[Start of section]

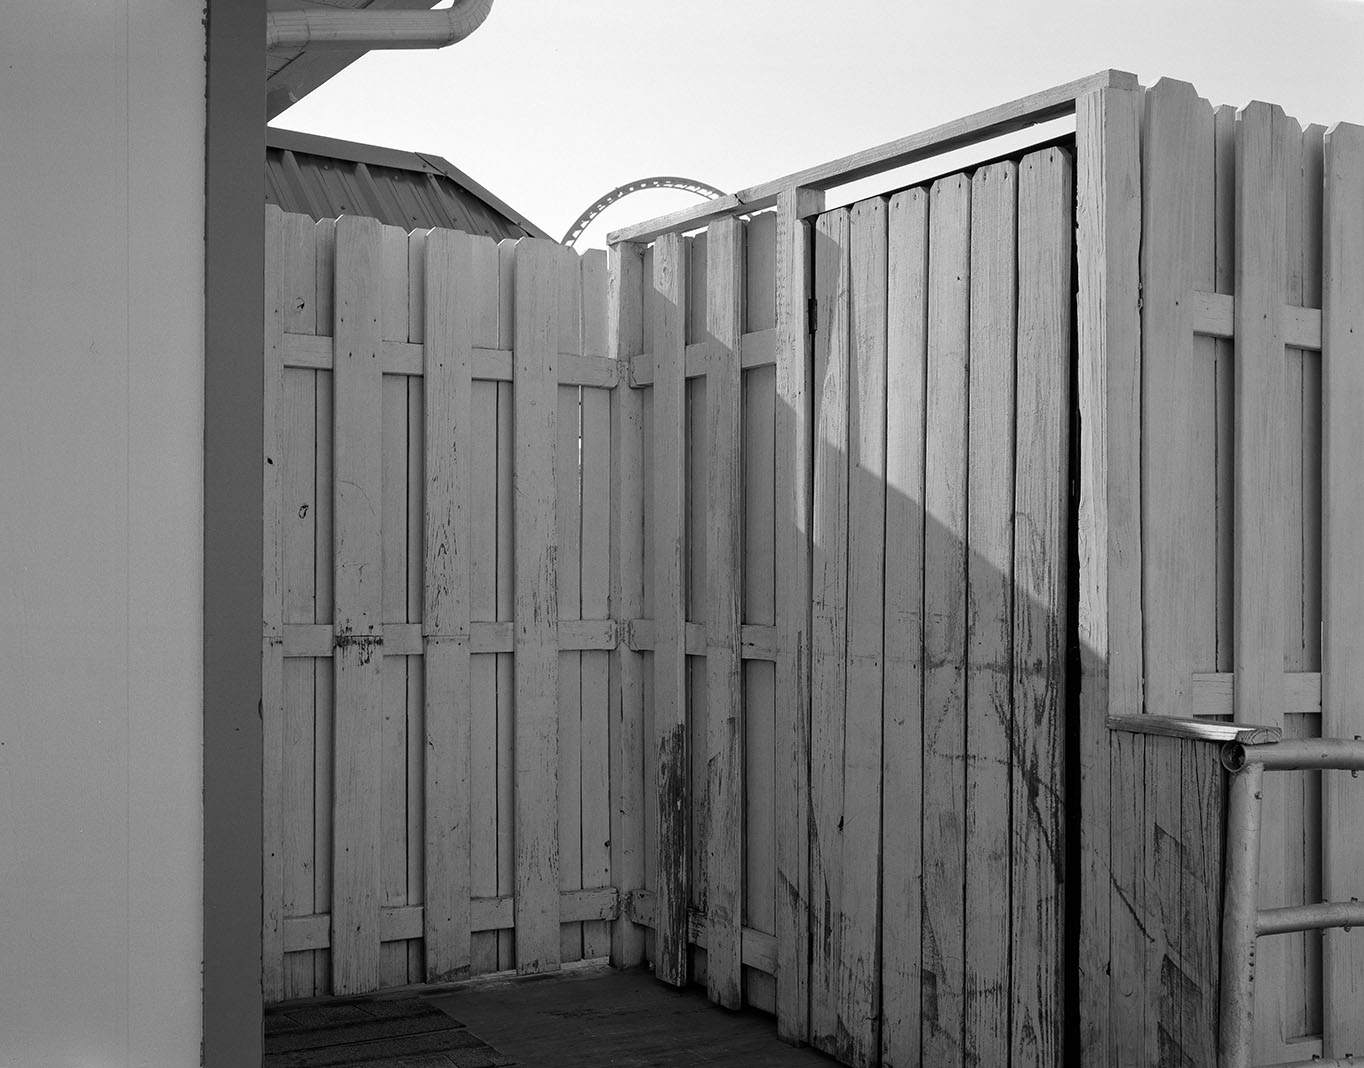 fence_edits.jpg
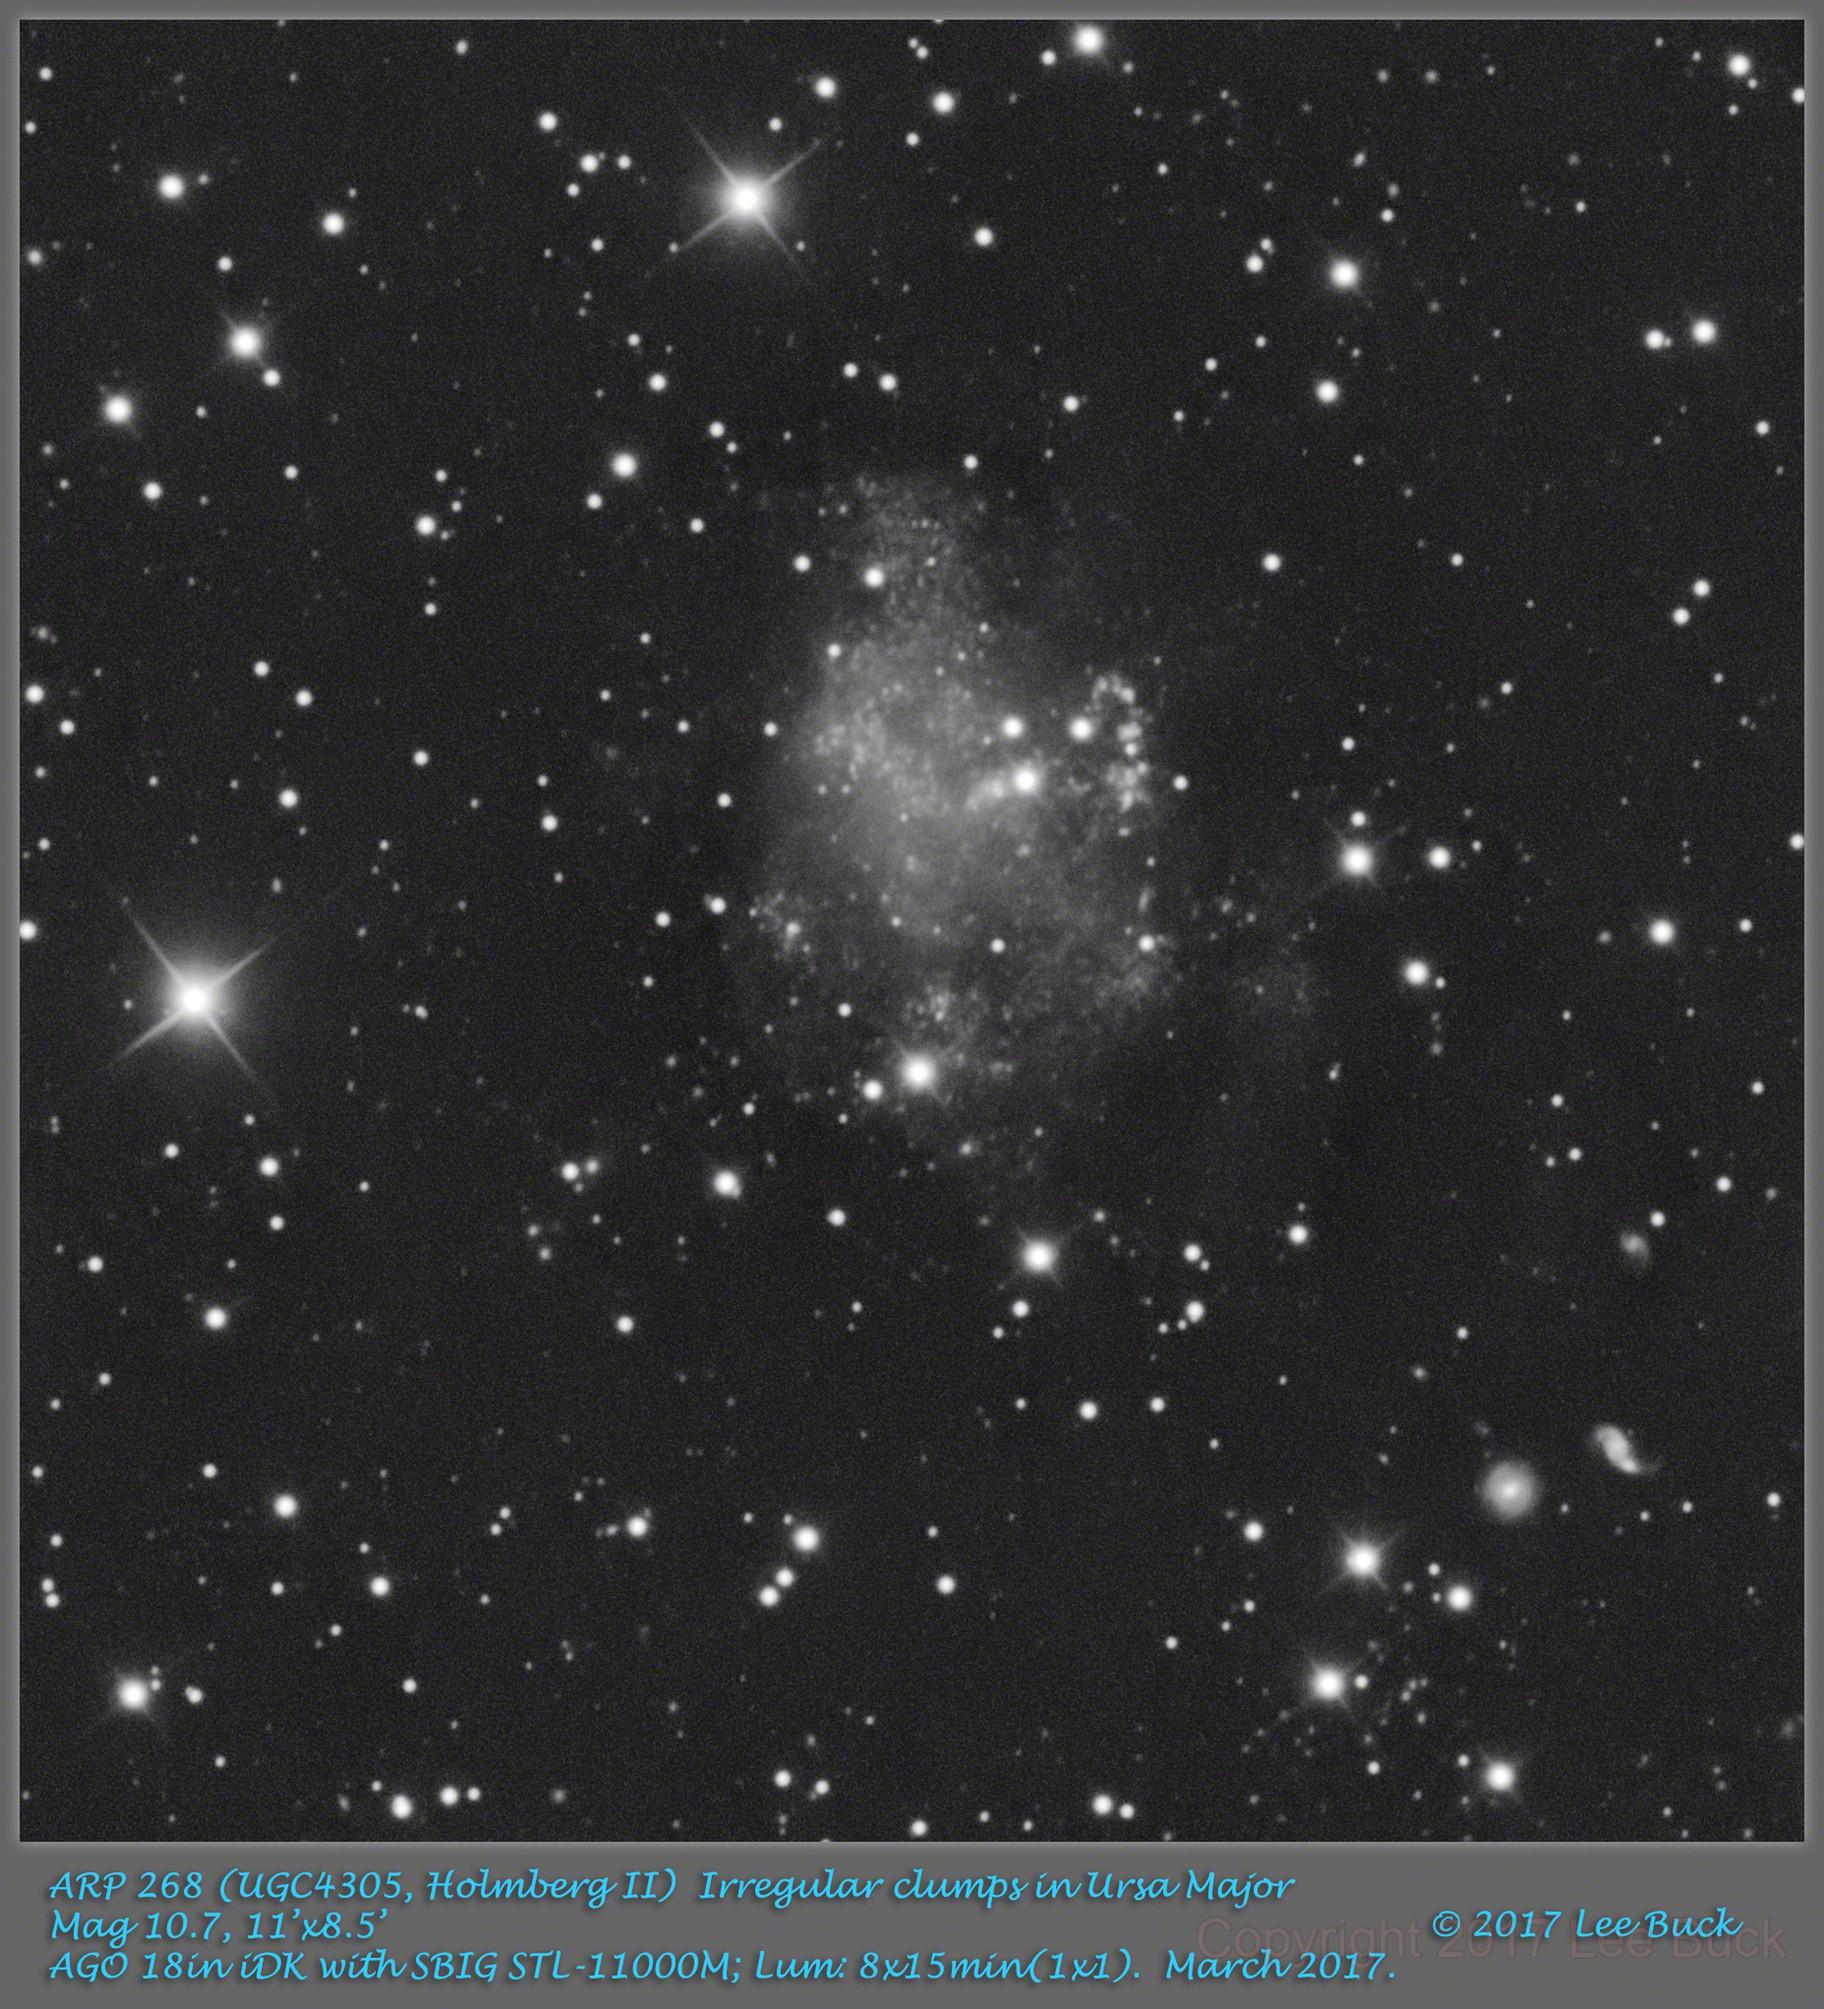 ARP 268 (UGC4305, Holmberg II)  Irregular clumps in Ursa Major
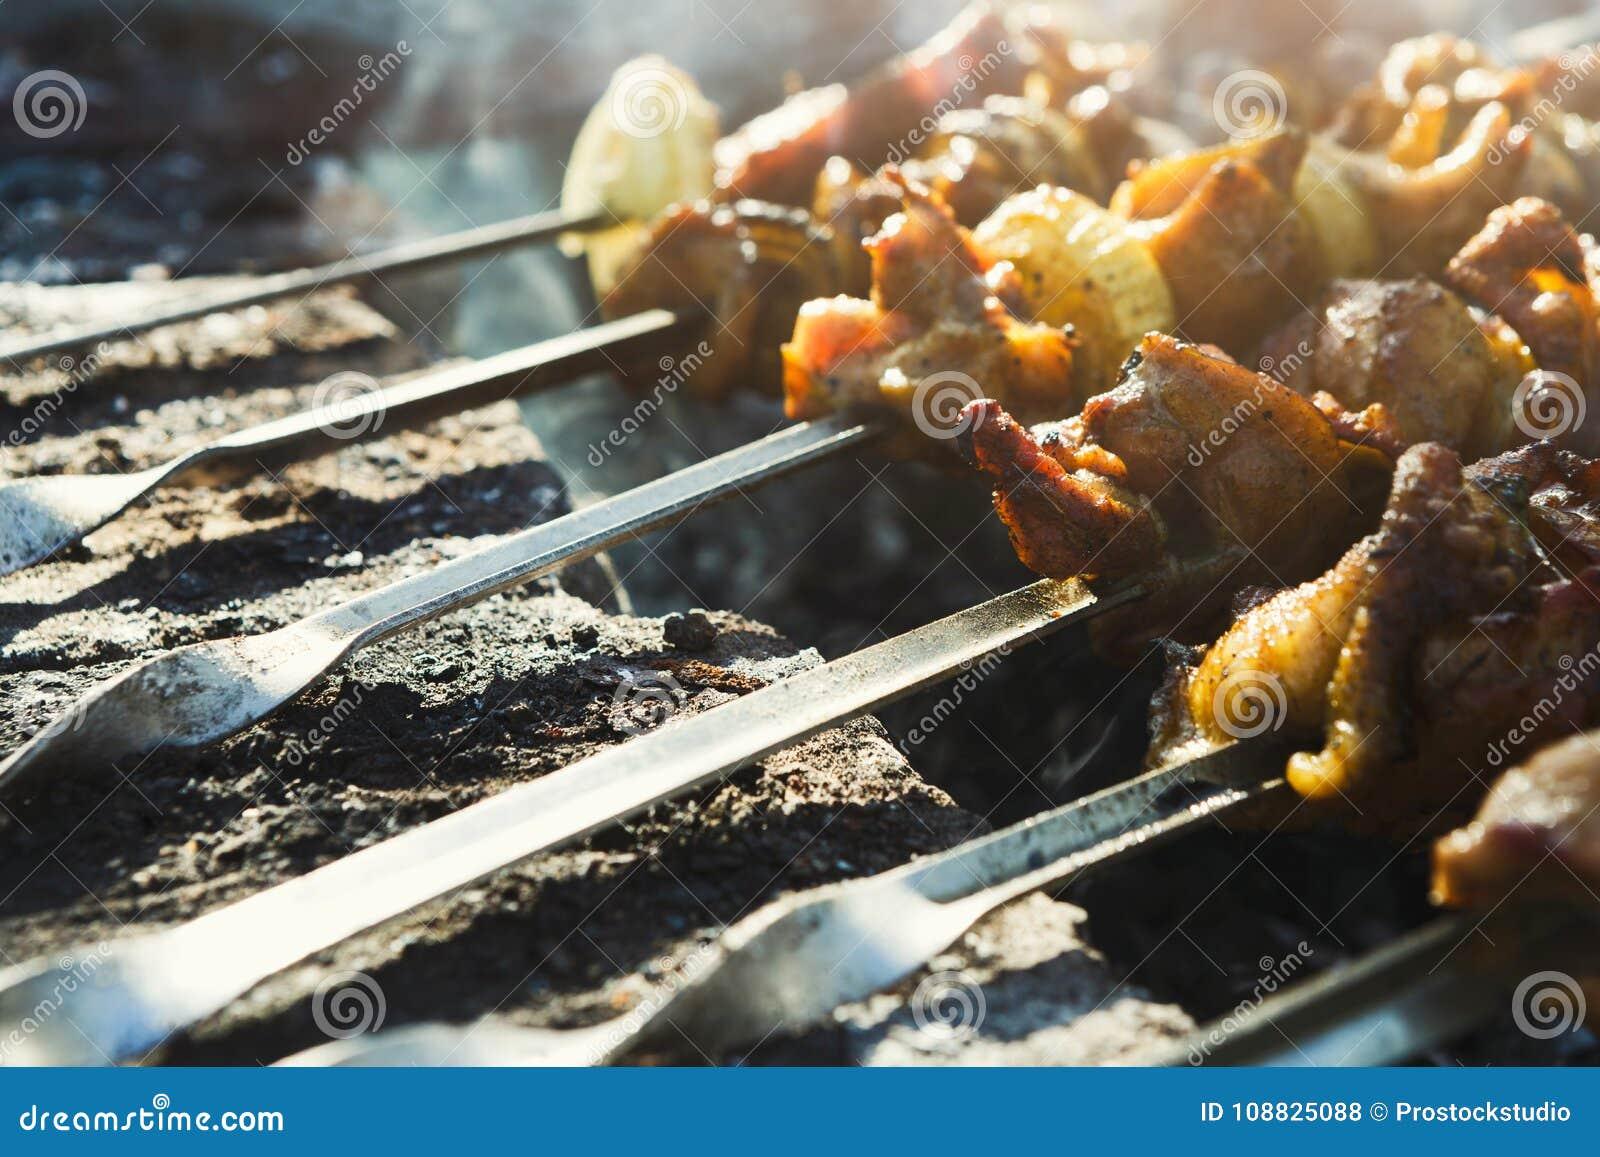 Het festival van het straat snelle voedsel, rundvlees en kippenkebab bij grill
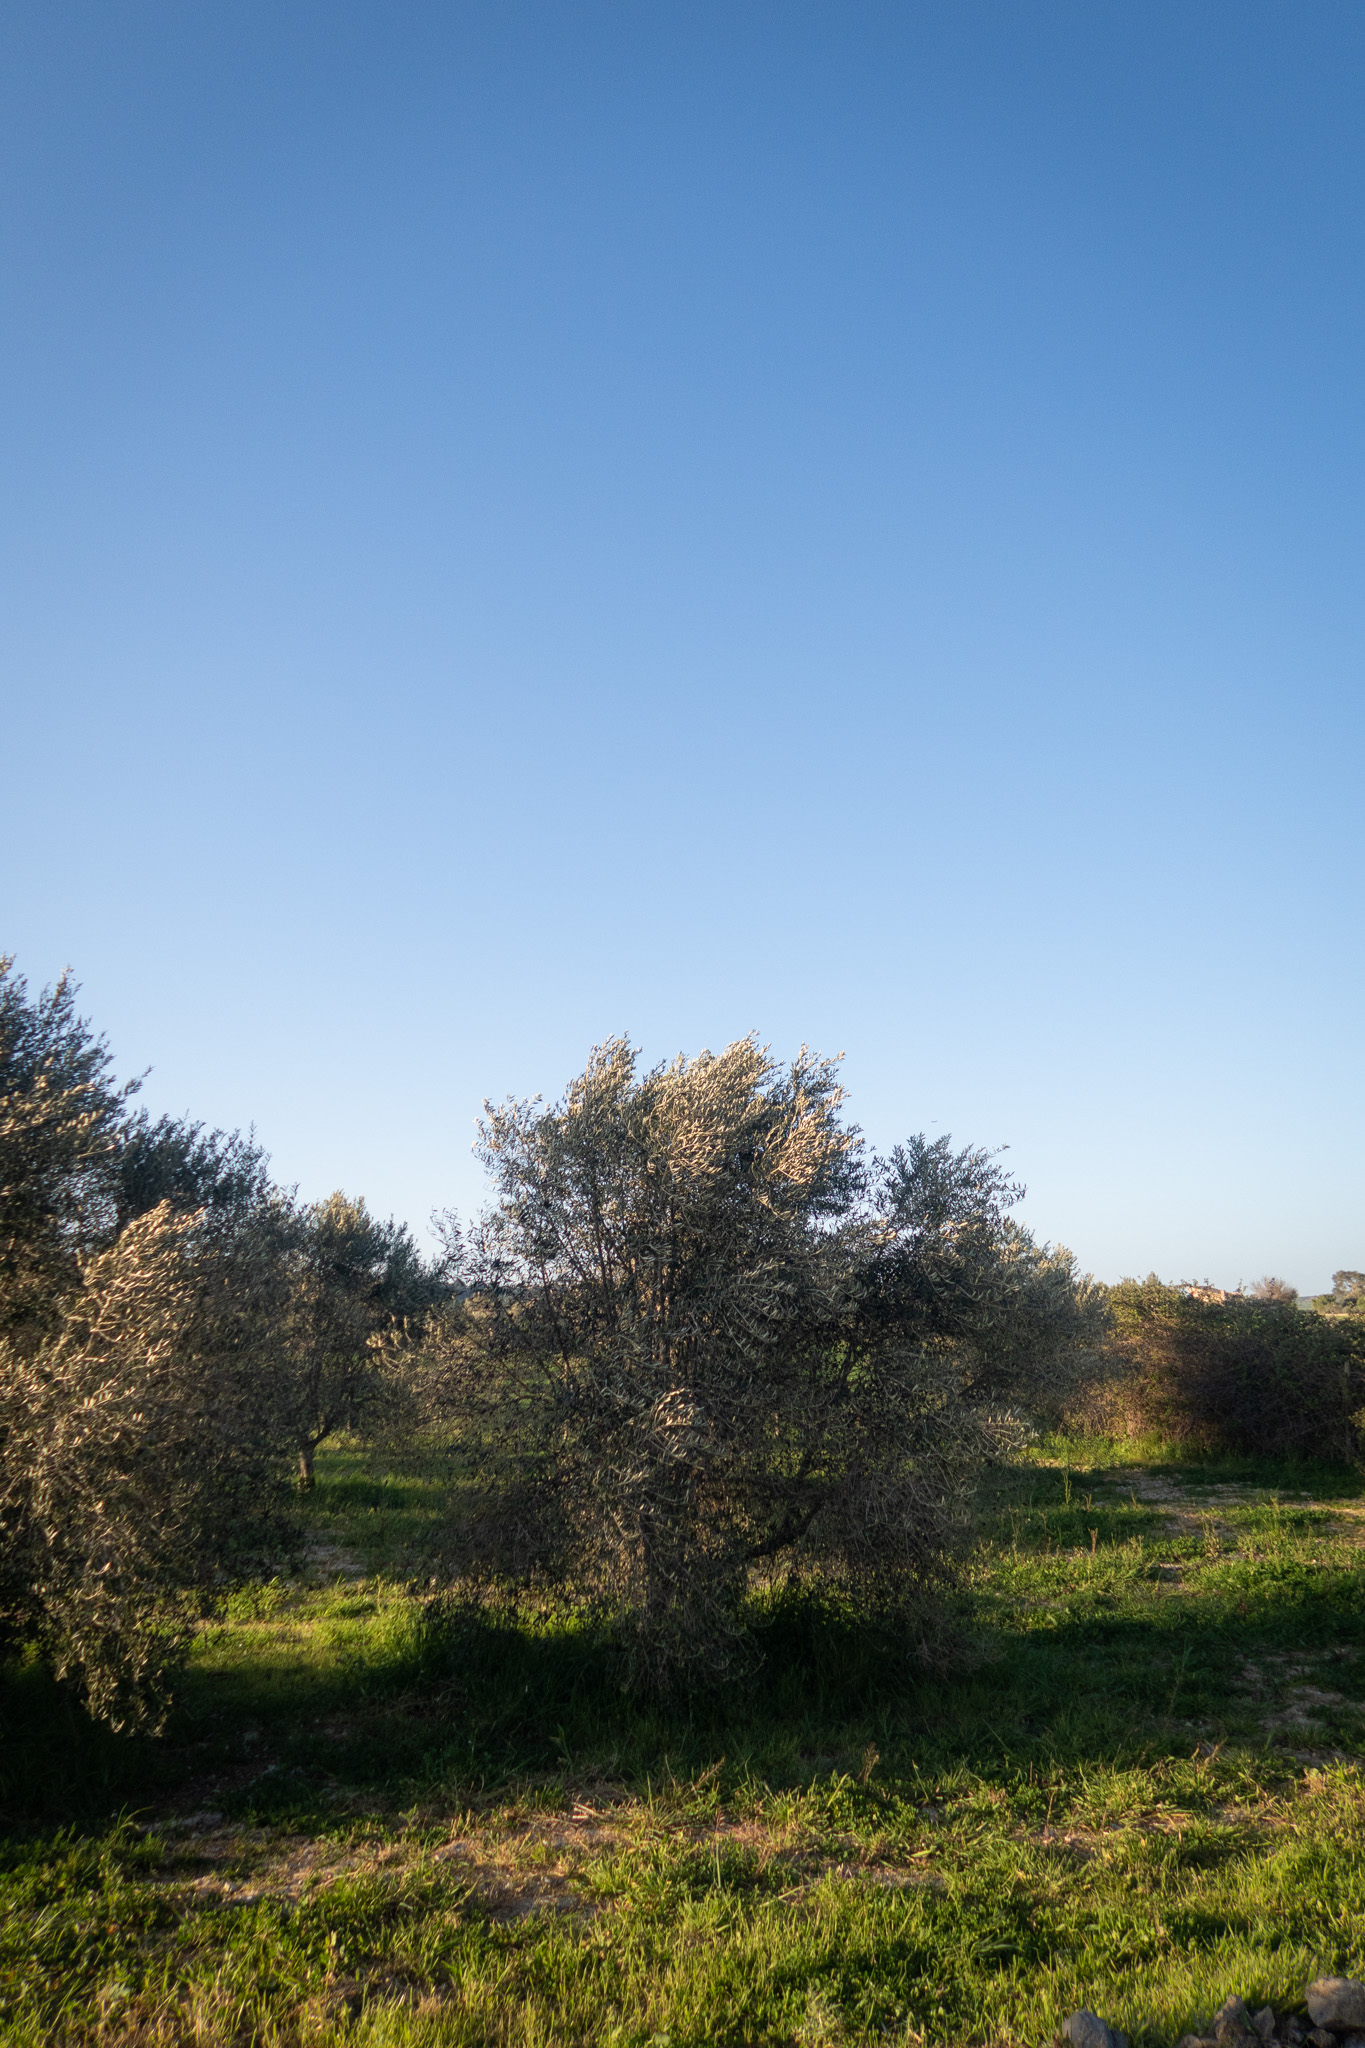 ida-carr-blogg-2-2.jpg

[End of section]

What you are asked to do
Each line from the one that holds "Het festival van" through the final line of the data must be retyped exactly; the pictures must not appear.

Task output
 Het festival van het straat snelle voedsel, rundvlees en kippenkebab bij grill
 ida-carr-blogg-2-2.jpg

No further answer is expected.